Posted on Tuesday, December 09 2014 at 13:15 (Age: 5 yrs) | Category: Java

Suppose that we want to implement a HashMap (let's call it OrderedHashMap) where the values can also retrieved by their index, where the index refers to the order in which the key/value pairs have been inserted. The following unit test shows how such a class shall be used:

@Test
public void testPutGet() {
    OrderedHashMap<String, String> ohm = new OrderedHashMap<>();
    ohm.put("Z", "LetterZ");    // 0
    ohm.put("A", "LetterA");    // 1
    ohm.put("D", "LetterD");    // 2
    ohm.put("K", "LetterK");    // 3

    assertEquals(ohm.get(0), "LetterZ");
    assertEquals(ohm.get(3), "LetterK");
}

The straight forward implementation of the class OrderedHashMap is to inherit from one of the existing Collection classes and simply implement the additional functionality, e.g. like

public class OrderedHashMap<K, V> extends LinkedHashMap<K, V> {
    private static final long serialVersionUID = 6354582314971513369L;

    private List<V> items = new ArrayList<>();

    public V get(int index) {
        return items.get(index);
    }

    @Override
    public V put(K key, V value) {
        items.add(value);
        return super.put(key, value);
    }
}

With this code, the above unit test succeeds. Lets add an additional unit tests for one of the other methods inherited from LinkedHashMap, putAll():

@Test
public void testPutAll() {
    OrderedHashMap<String, String> ohm = new OrderedHashMap<>();
    ohm.put("Z", "LetterZ");    // 0
    ohm.put("A", "LetterA");    // 1
    ohm.put("D", "LetterD");    // 2
    ohm.put("K", "LetterK");    // 3

    OrderedHashMap<String, String> ohm2 = new OrderedHashMap<&ht;();
    ohm2.putAll(ohm);

    assertEquals(ohm2.get(0), "LetterZ");
    assertEquals(ohm2.get(3), "LetterK");
}

This unit test also succeeds and shows that we can copy the elements from one OrderedHashMap to a second one, using putAll().

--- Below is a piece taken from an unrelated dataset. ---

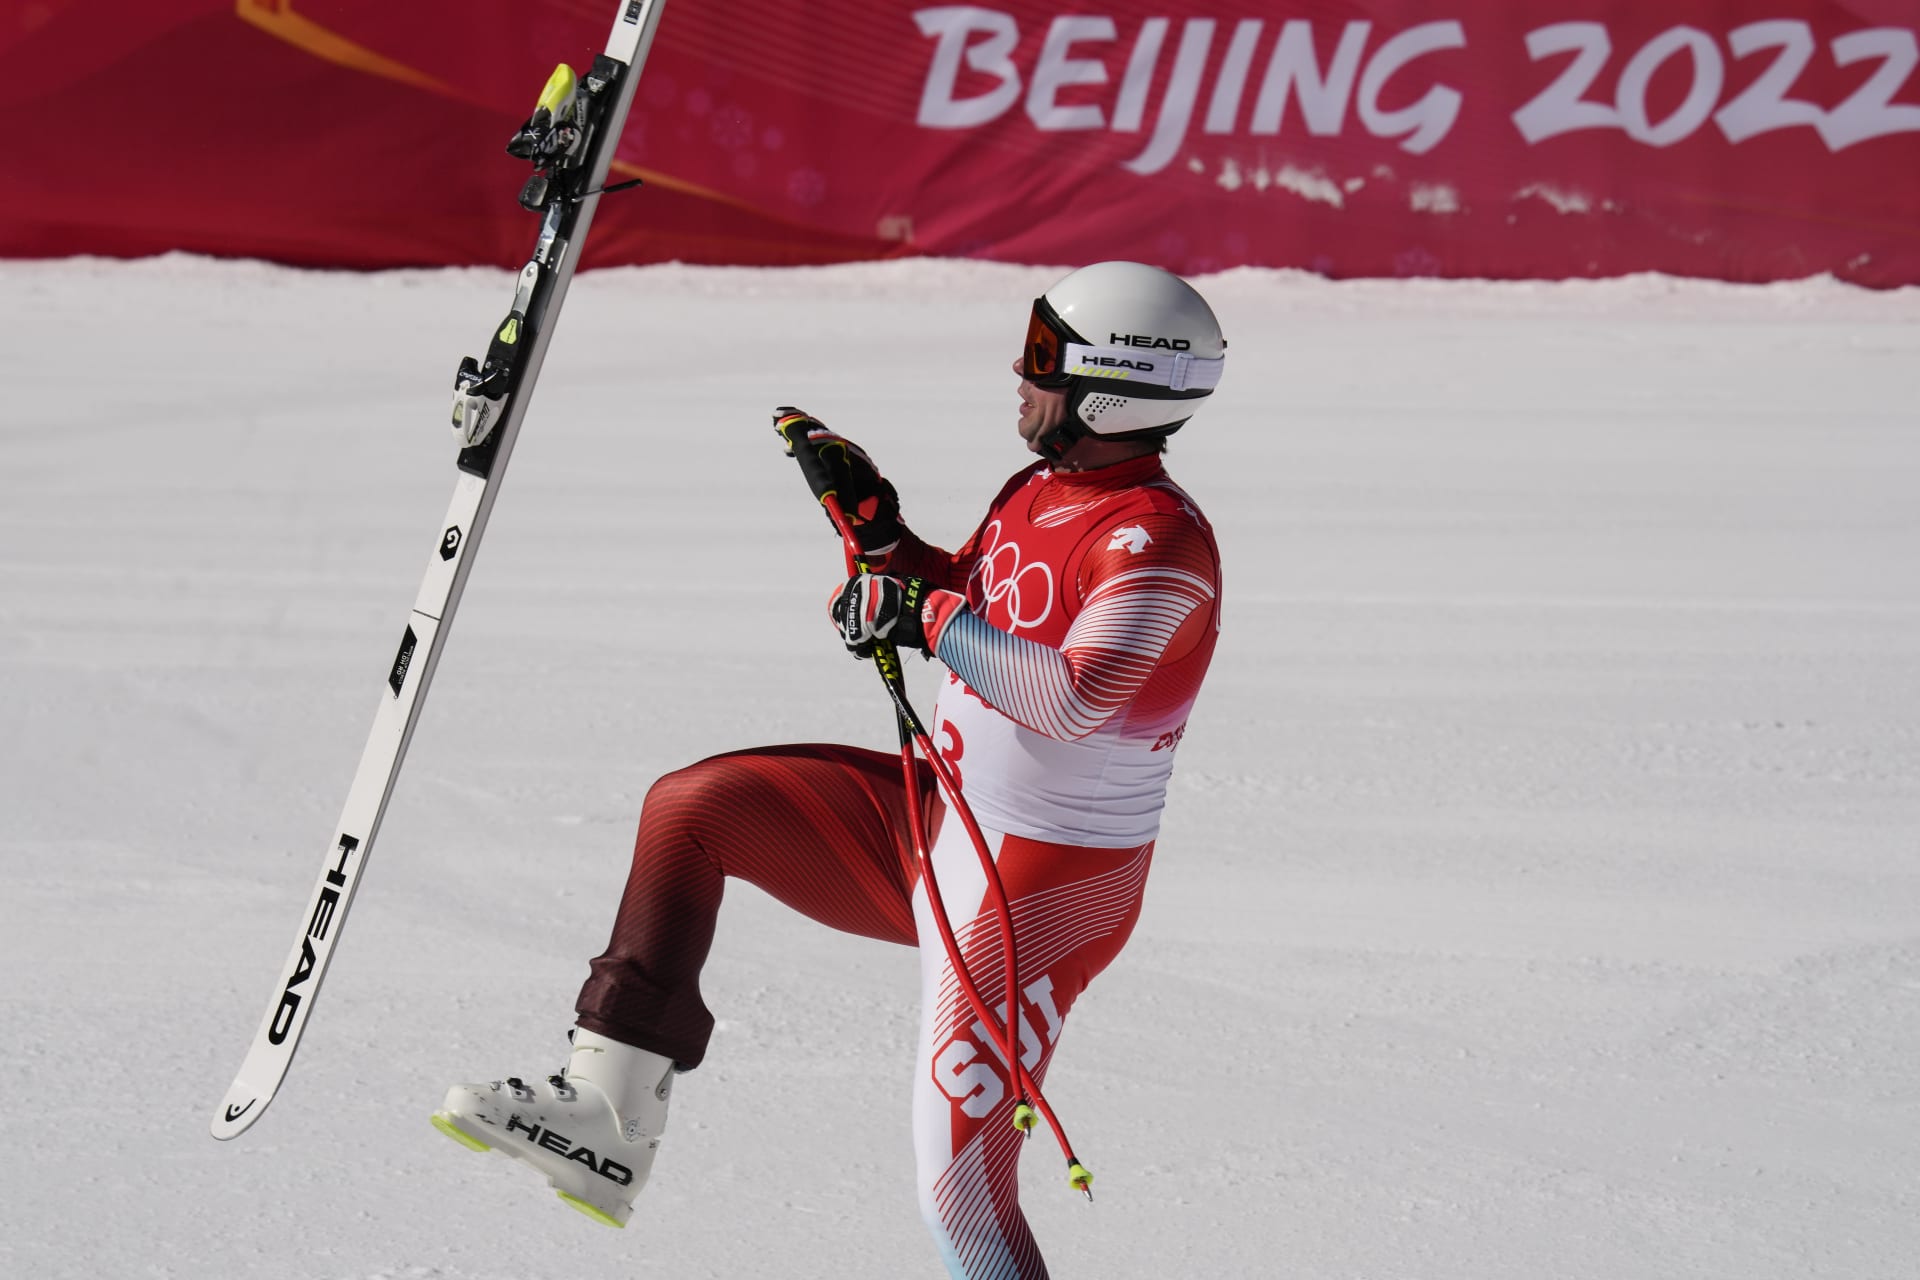 Švýcarský sjezdař Beat Feuz chytá vykopnutou lyži v cíli olympijského závodu 2022 a vzdává tím holt svému krajanovi Didieru Cuchemu, mistru světa v super-G a stříbrnému na olympiádě 1998 v Naganu. 
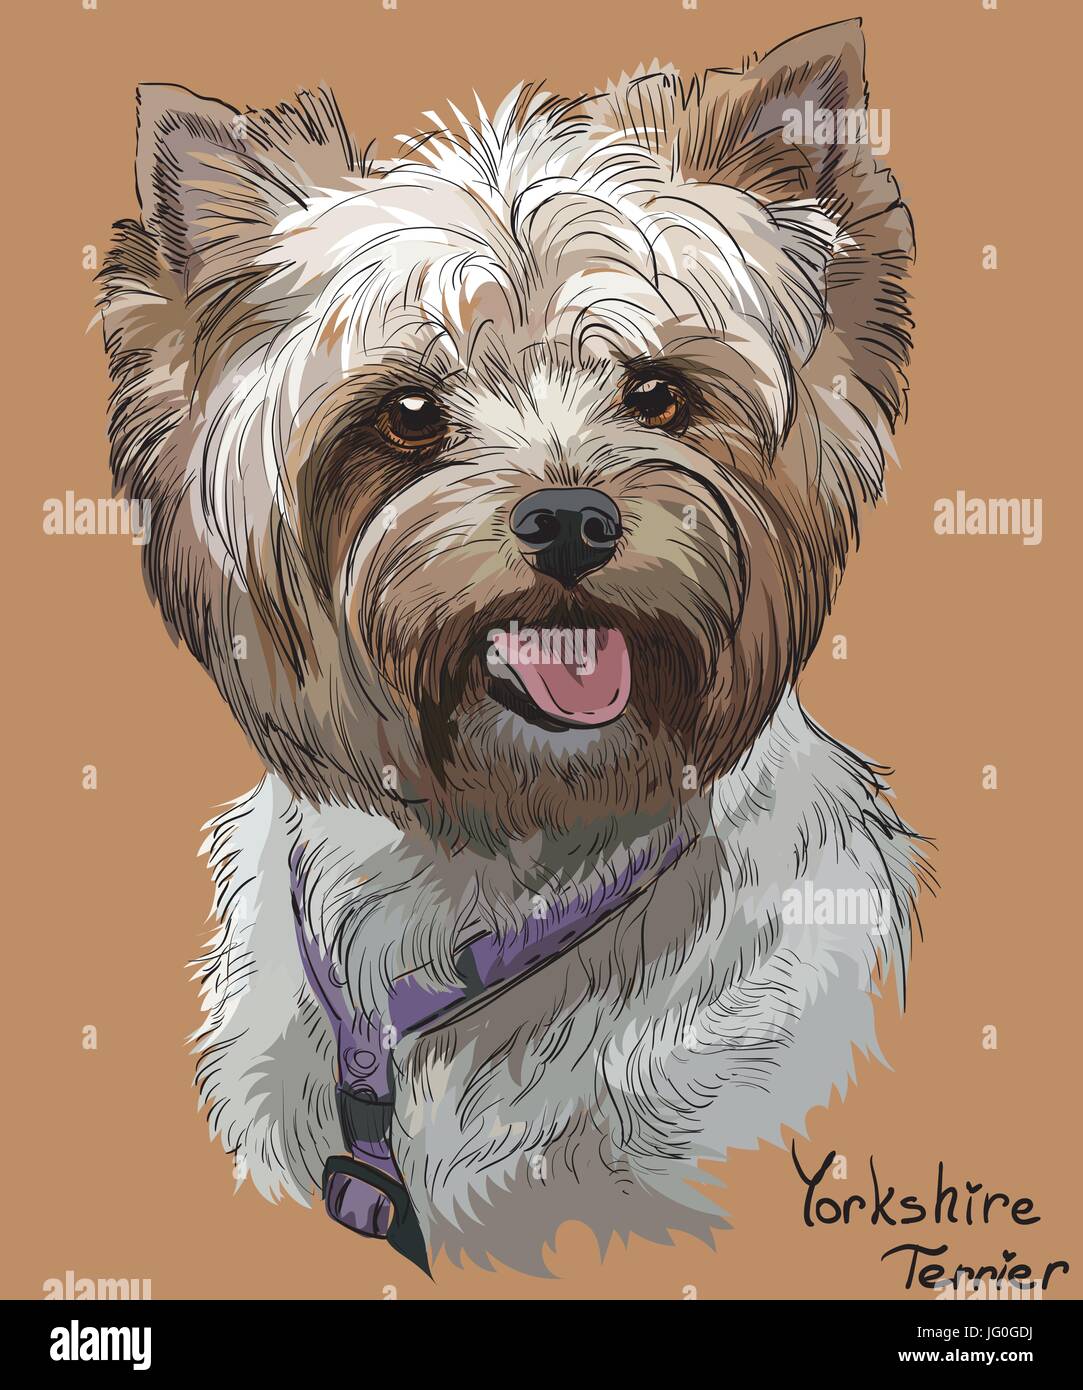 Vektor Porträt der Yorkshire-Terrier in verschiedenen Farbe Handzeichnung Illustration auf orangem Hintergrund Stock Vektor

Unless we switch to Java 8.

If we run the above sample with the Java 8 runtime, the test fails with an exception:

java.lang.IndexOutOfBoundsException: Index: 0, Size: 0
	at java.util.ArrayList.rangeCheck(Unknown Source)
	at java.util.ArrayList.get(Unknown Source)
	at com.example.OrderedHashMap.get(OrderedHashMap.java:13)
	at com.example.test.OrderedHashMapTest.testPutAll(OrderedHashMapTest.java:37)
	...

This is an issue I came across when I was trying to translate a grammar with ANTLR (not using the latest version) - see also https://github.com/antlr/antlr4/issues/337.

The background is that the LinkedHashMap class (or one of its super classes) changed the implementation of putAll() so that it no longer calls put() to insert the new elements in the destination map. Hence, our own implementation is no longer able to catch this call to update the List at the same time a new key/value pair is added to the map.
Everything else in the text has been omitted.